Se examinó a sí mismo como si fuera un sistema colosal, escaneando, analizando, cazando la anomalía escondida en sus profundidades.
Isobel lo observaba en silencio, con la mirada fija en su hermano.
El aire alrededor de él temblaba levemente mientras se concentraba, como si todo el reino se doblegara en obediencia a su voluntad.
Aunque él era el maestro aquí, aunque el santuario mismo era su extensión, la búsqueda resultaba difícil.
Su ceño se frunció, el esfuerzo visible en la quietud de su cuerpo.
El corazón resistía ser descubierto.
Y sin embargo, el control de Aaron era absoluto.
Pulgada a pulgada, capa por capa, sondeó hasta que finalmente lo sintió—enterrado profundamente bajo el santuario, cerca de su núcleo.
Un corazón.
Todavía latiendo.
Todavía vivo, a pesar de no tener cuerpo que alimentar, ni sangre que bombear.
Sus labios se curvaron en grim satisfacción.

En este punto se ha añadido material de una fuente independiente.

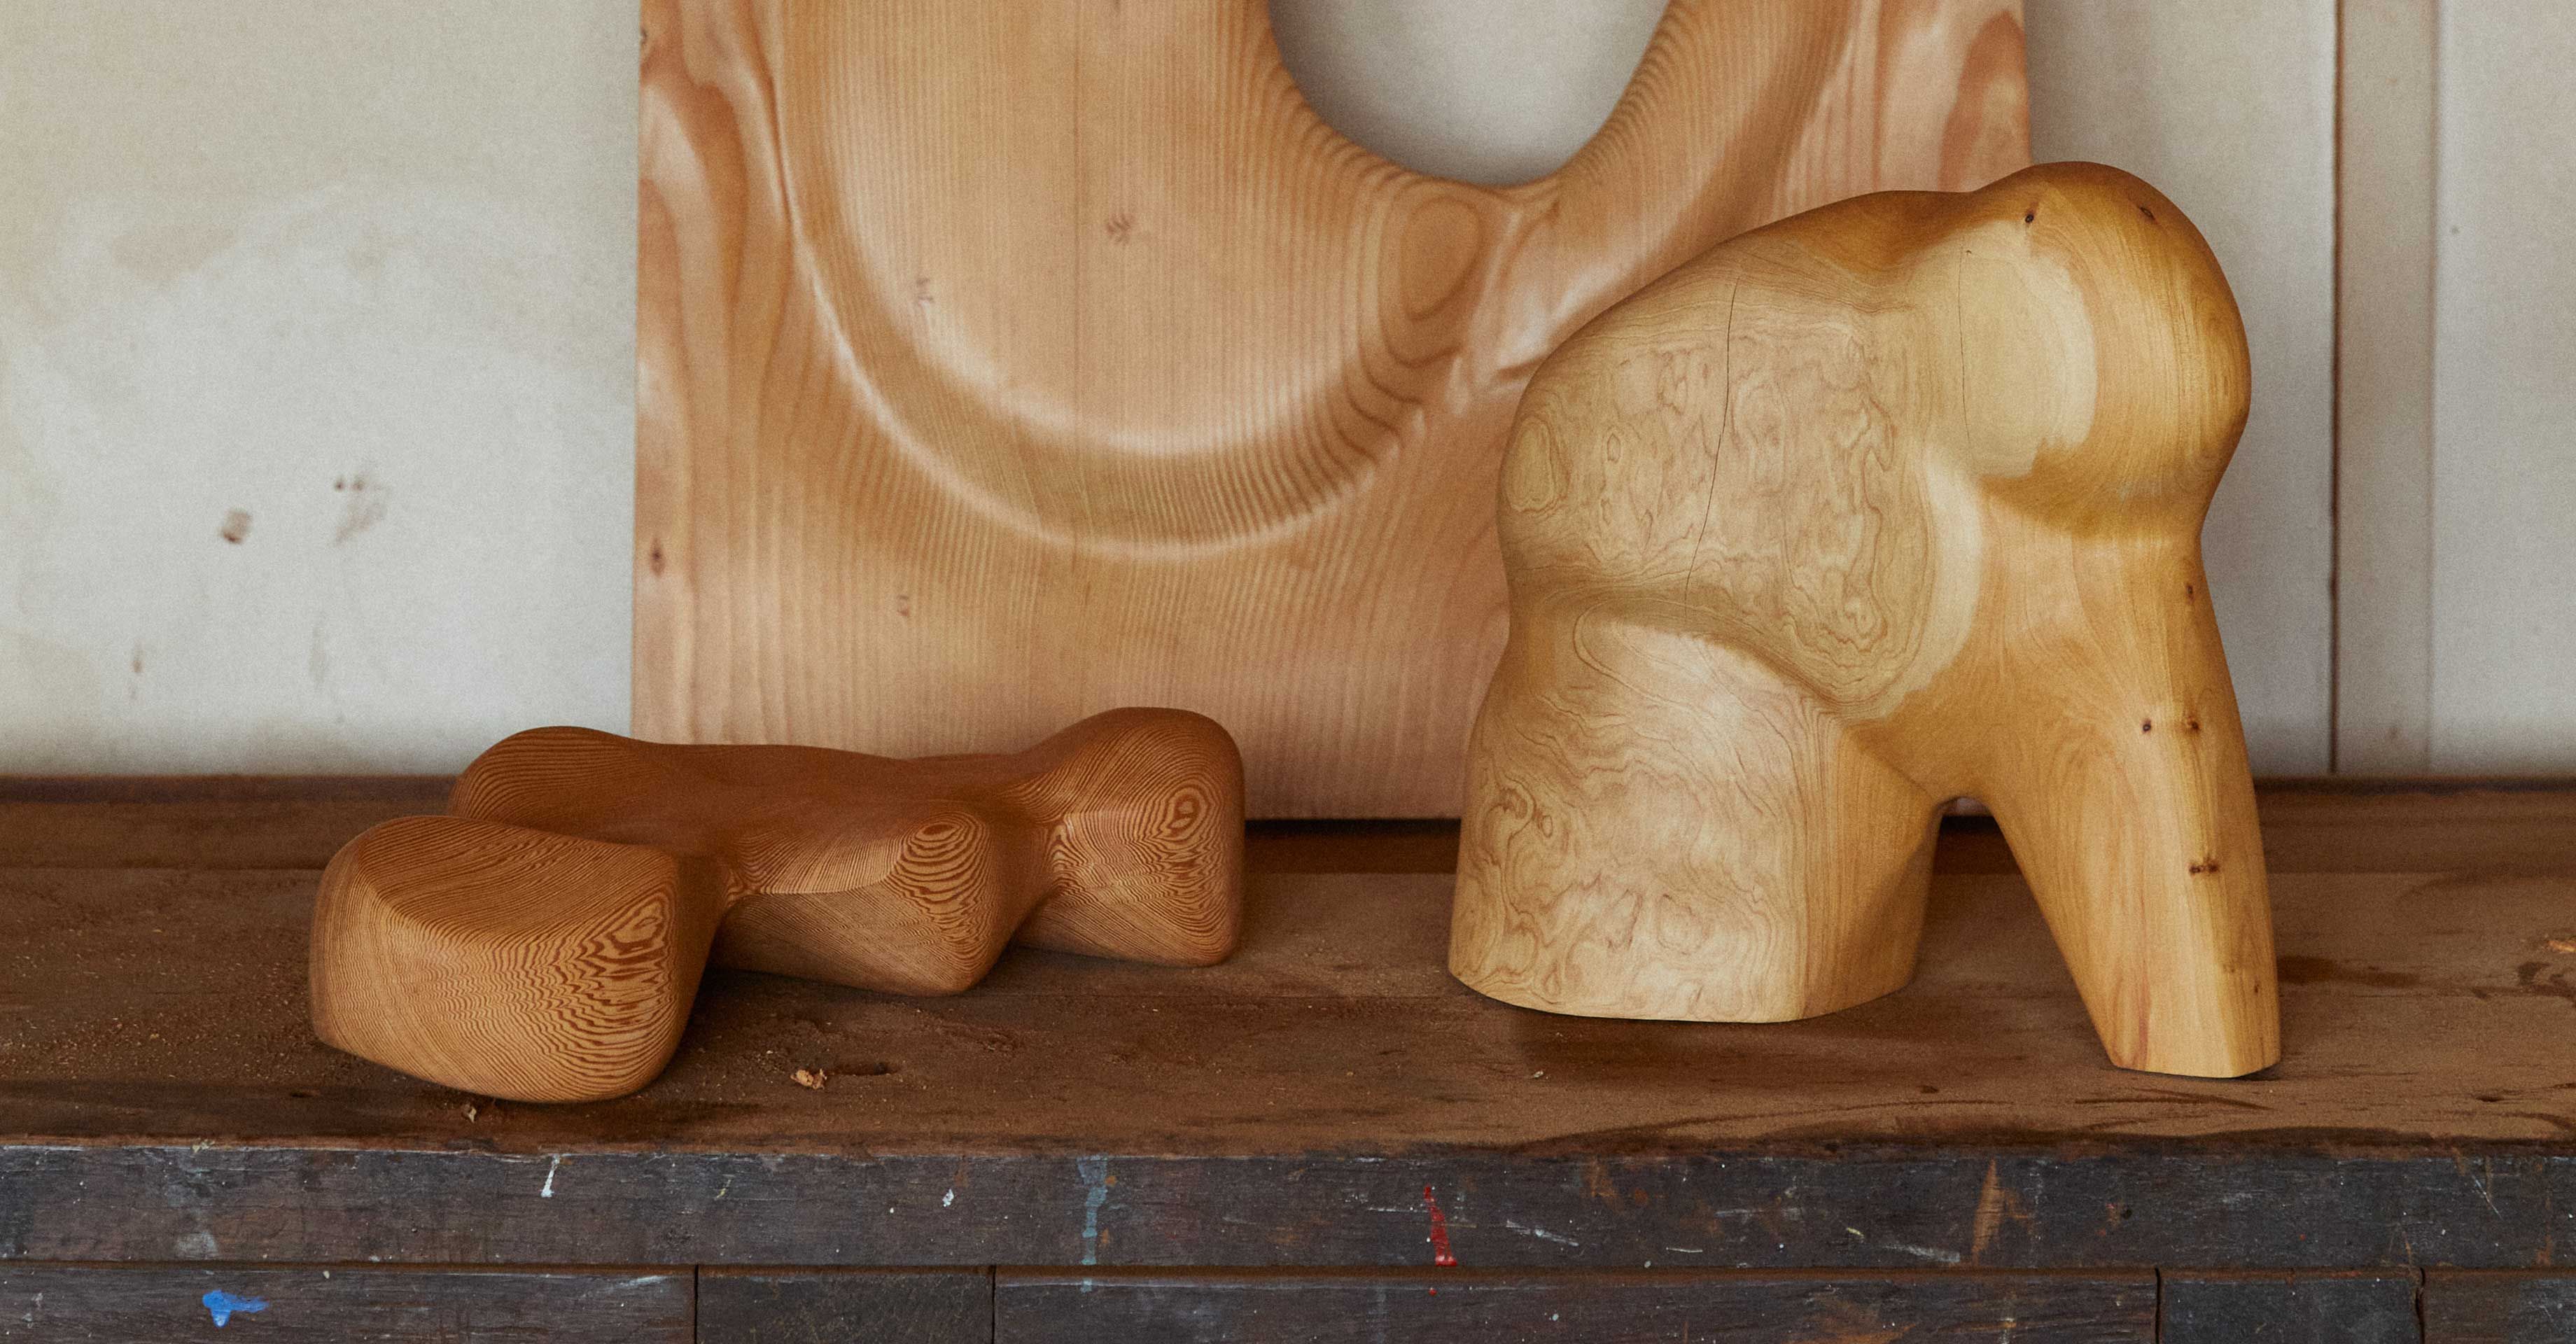 These Wooden Sculptures Oscillate Gracefully Between Function and Form
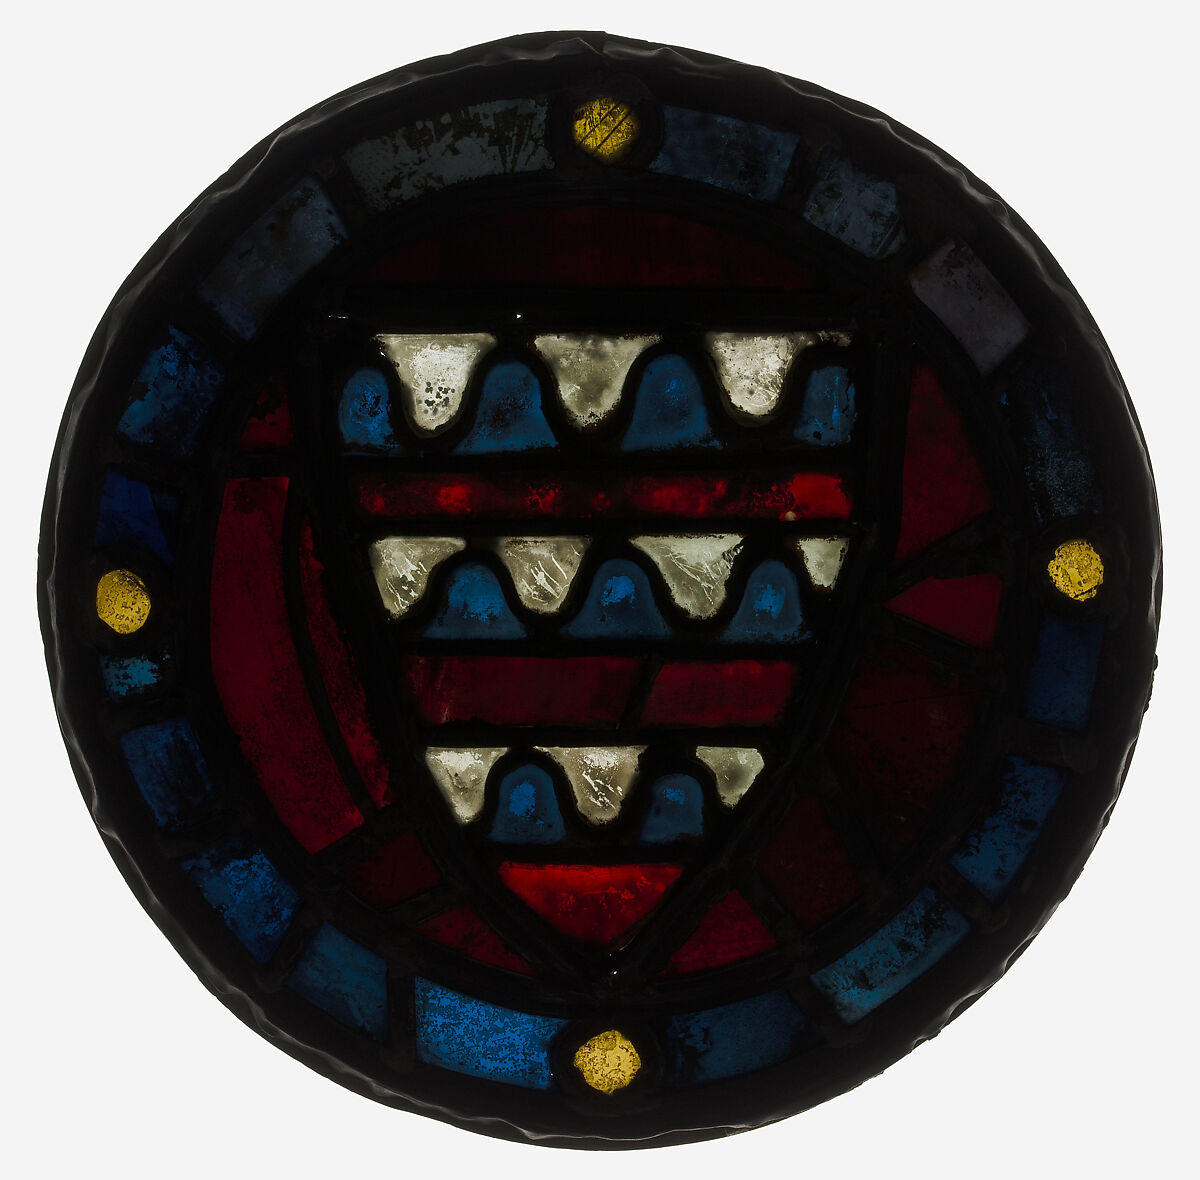 Roundel with the Arms of Coucy, Pot-metal glass and vitreous paint, British (?)

Con un solo pensamiento, el santuario obedeció.
El corazón se arrancó de su lugar de reposo y apareció en sus manos.
Pulsaba contra su palma, pesado y vivo.
Cuanto más lo miraba, más crecía el hambre dentro de él.
Un deseo primario y antinatural susurró en sus venas: Devorar.
—Aaron…
—la voz de Isobel tembló mientras sus ojos se fijaban en el corazón.
Sus colmillos se alargaron inconscientemente—.
¿Qué está pasando?
¿Por qué me…
siento tan atraída hacia él?
—intentó mantener su voz firme, pero el hambre en su mirada la traicionaba.
—No lo sé —murmuró Aaron, estudiando el corazón con ojos entrecerrados—.
Pero su atracción es lo suficientemente fuerte como para volver locos incluso a los dioses.
Como para probar sus palabras, el santuario se agitó.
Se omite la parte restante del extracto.